Leaving out the pictures, transcribe all of the records faithfully.
START Data listing
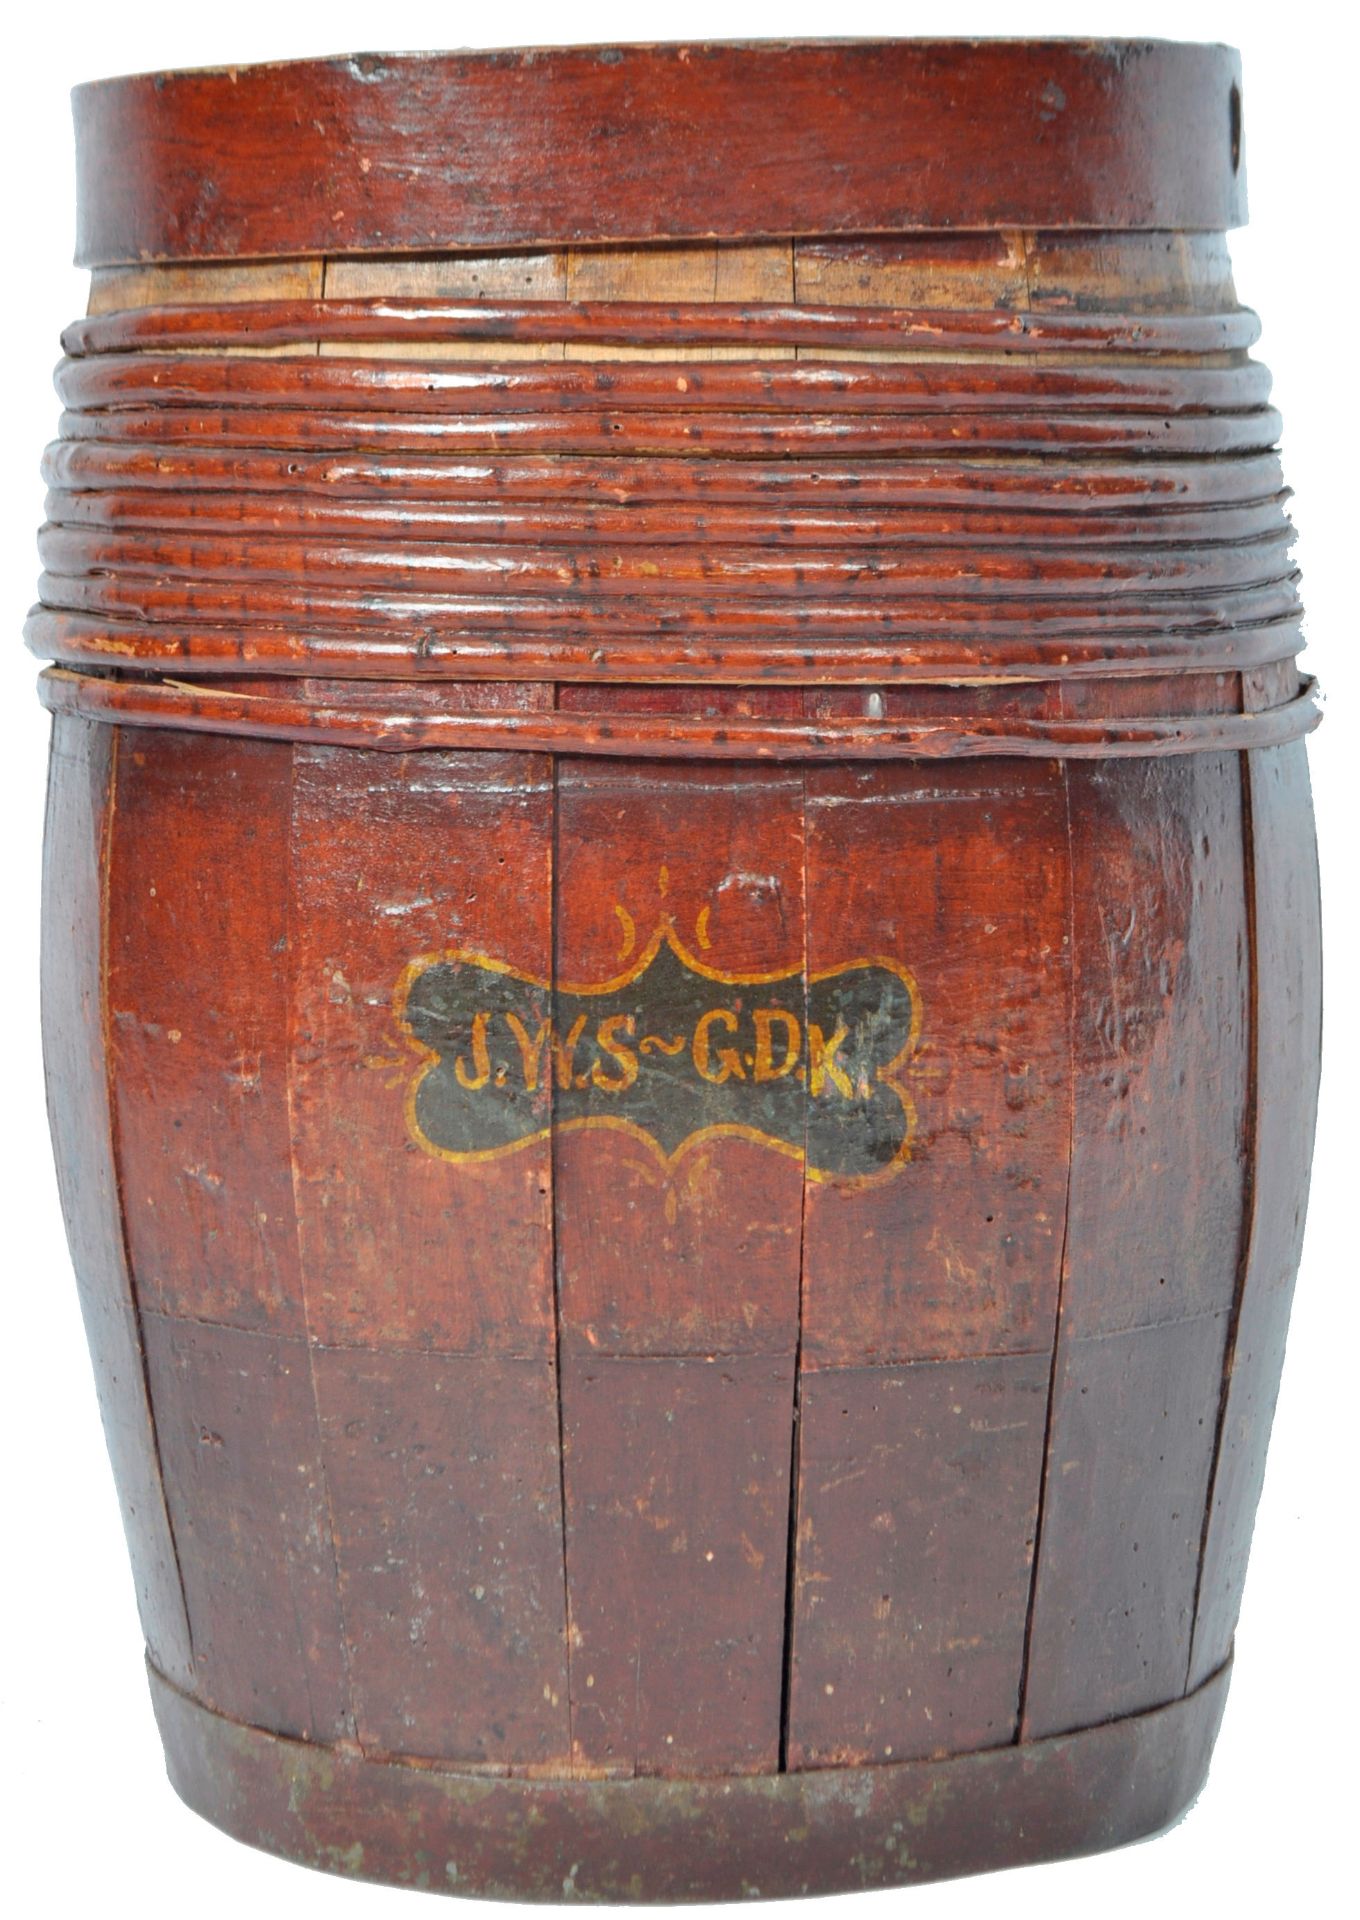 LARGE 19TH CENTURY SHIPPING SPICE BARREL WITH LID
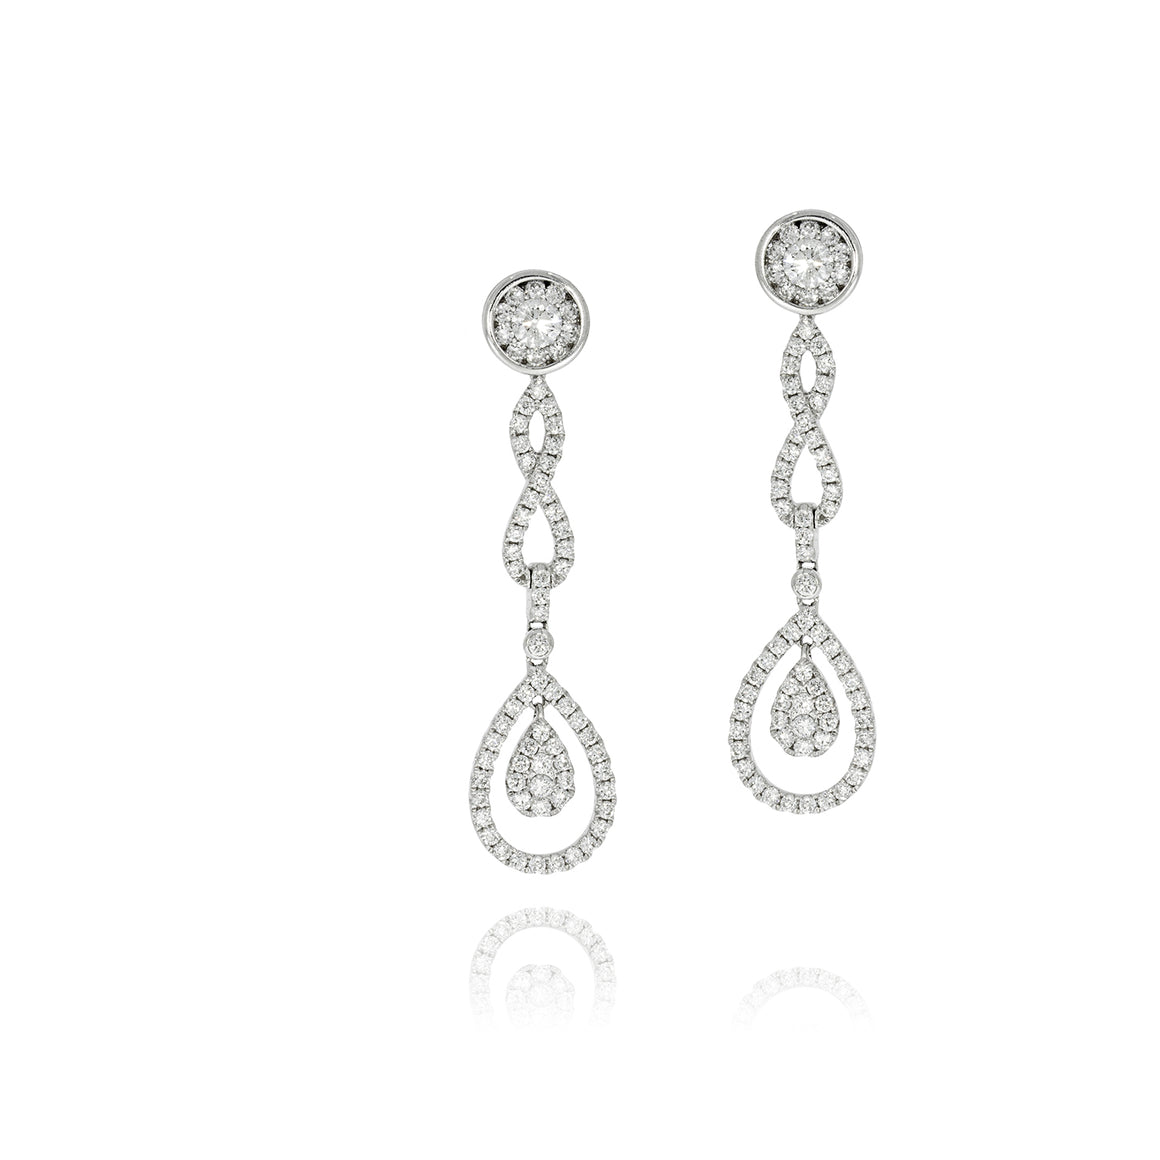 Drop Earrings set with total of 1.83 Round diamonds White gold, Flower shape.
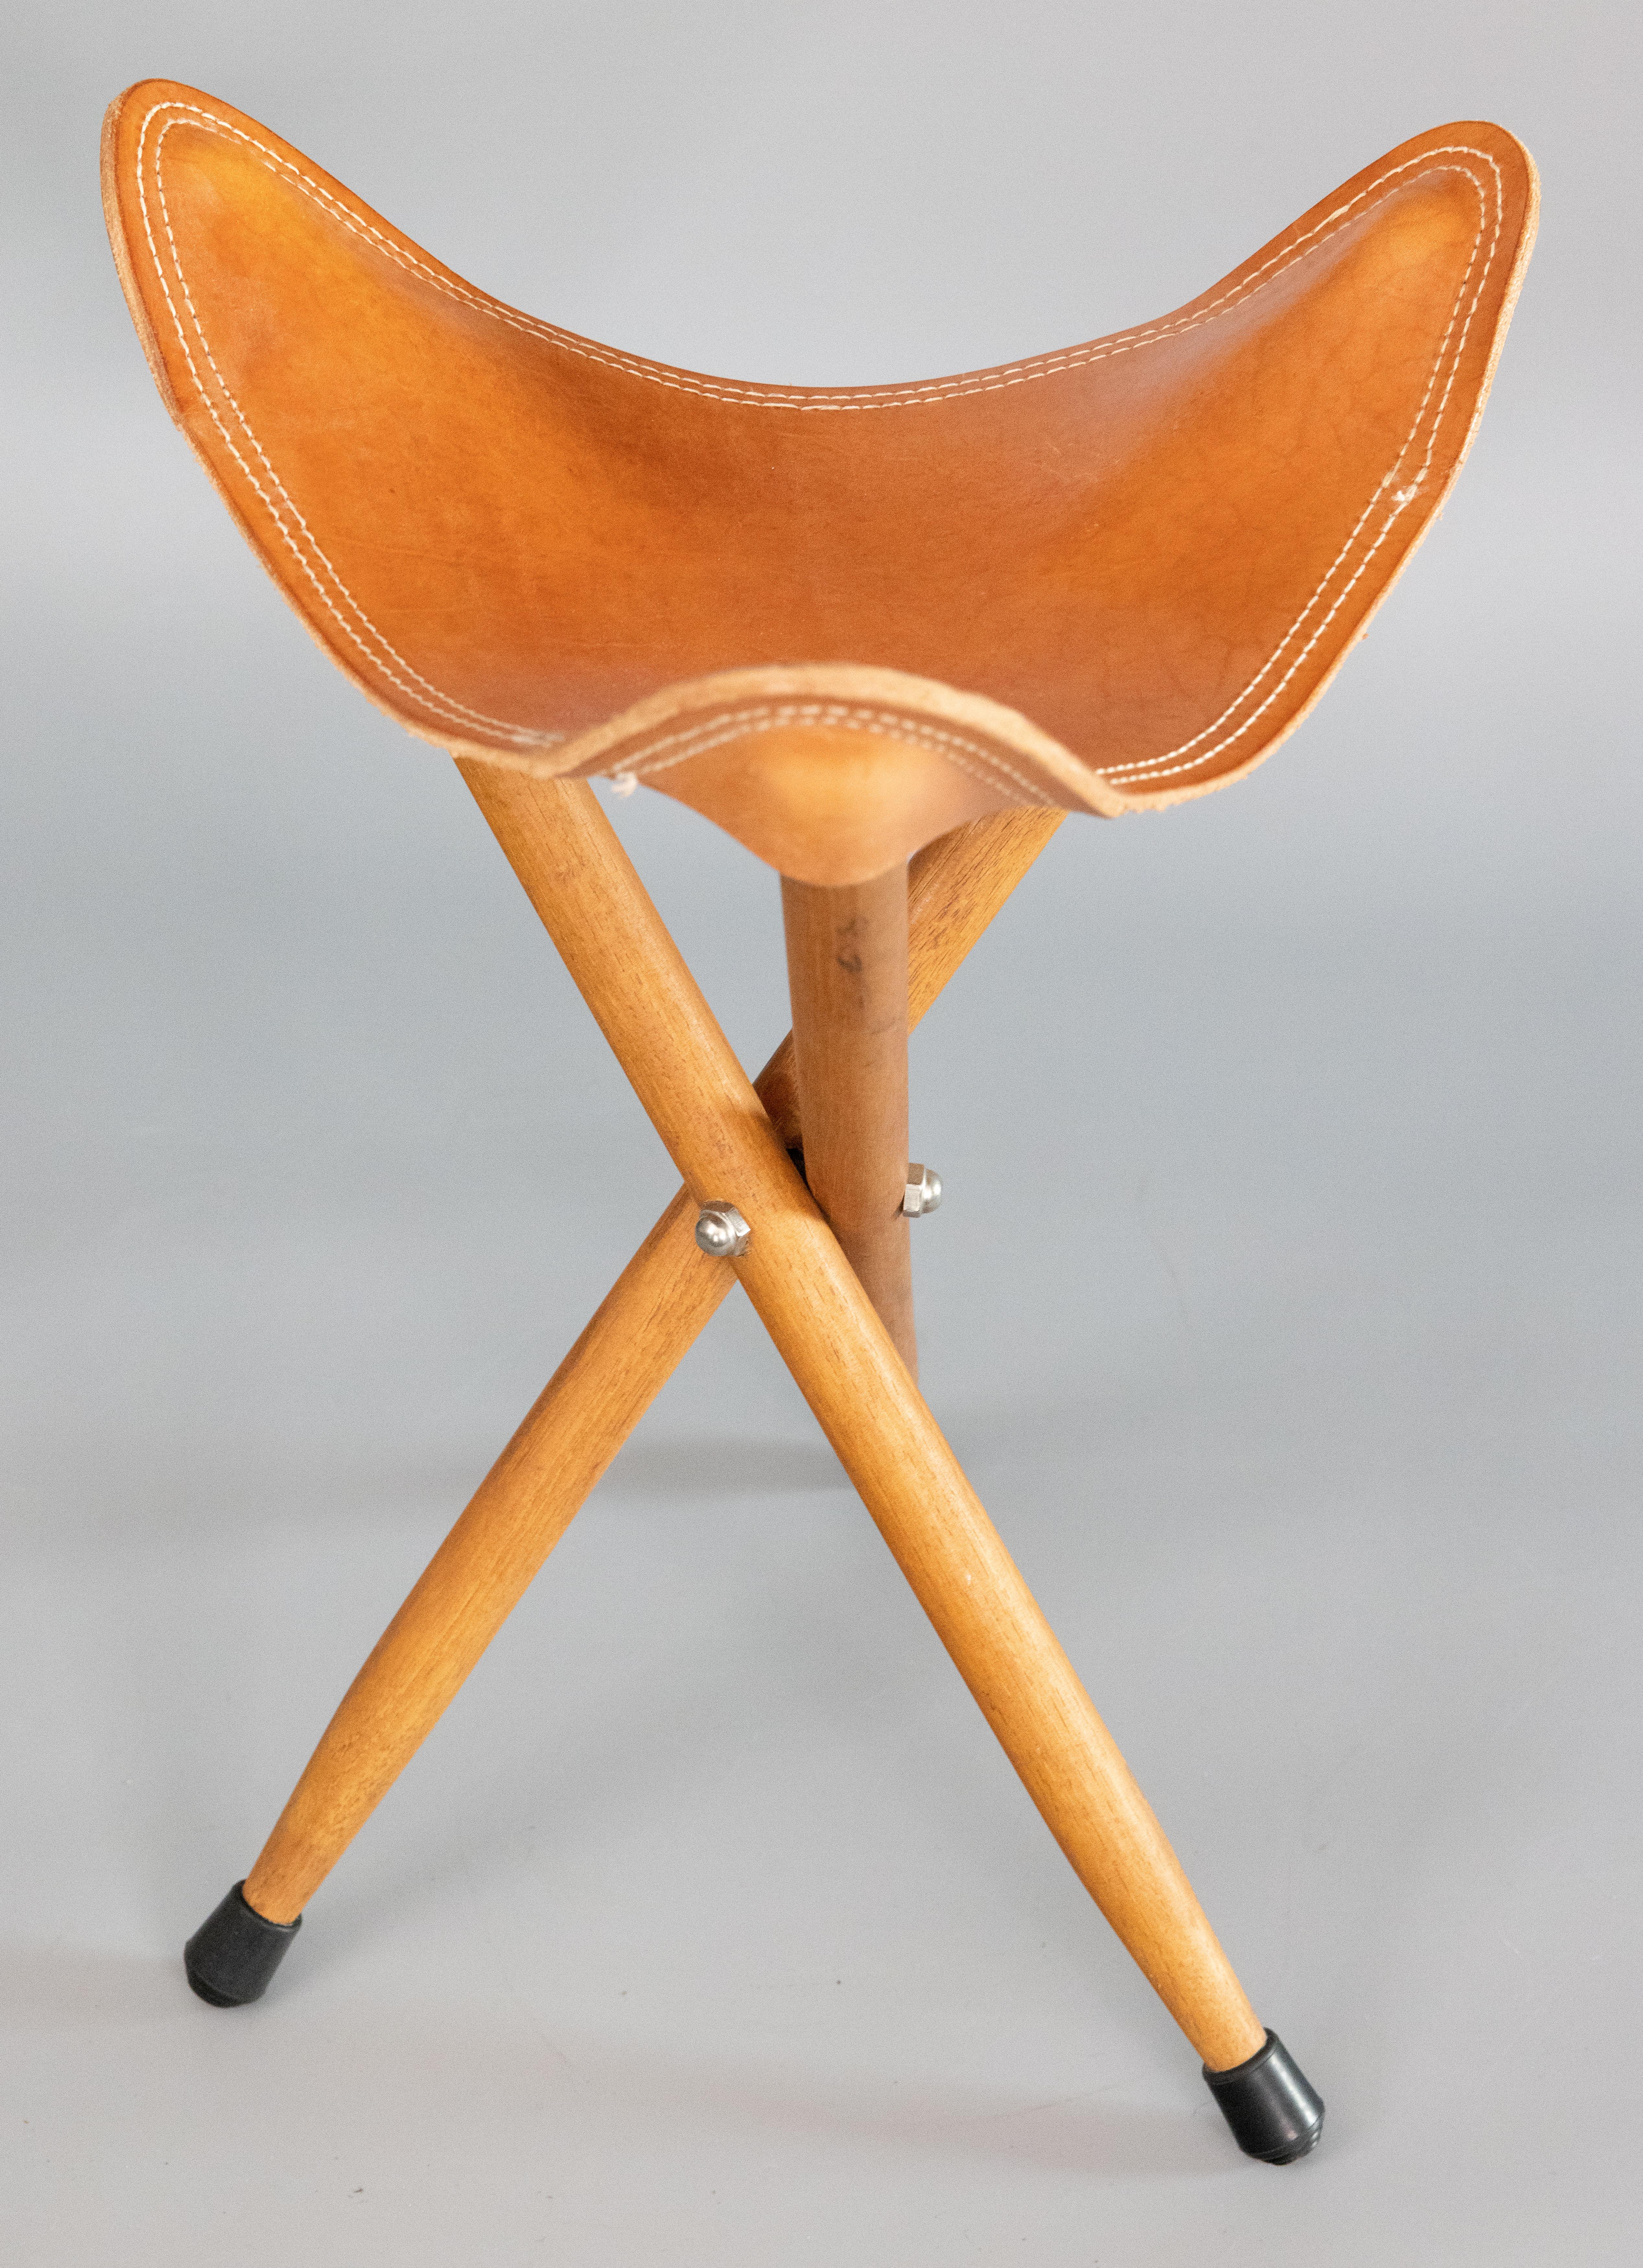 A stylish Mid-Century French Hermès style leather tripod folding stool. This is a fabulous hand crafted stool with a fine leather seat and sleek design, perfect for the modern home.

DIMENSIONS
15
END Data listing
Written reply:
 LARGE 19TH CENTURY SHIPPING SPICE BARREL WITH LID
 Drop Earrings set with total of 1.83 Round diamonds White gold, Flower shape.
 A stylish Mid-Century French Hermès style leather tripod folding stool. This is a fabulous hand crafted stool with a fine leather seat and sleek design, perfect for the modern home.

DIMENSIONS
15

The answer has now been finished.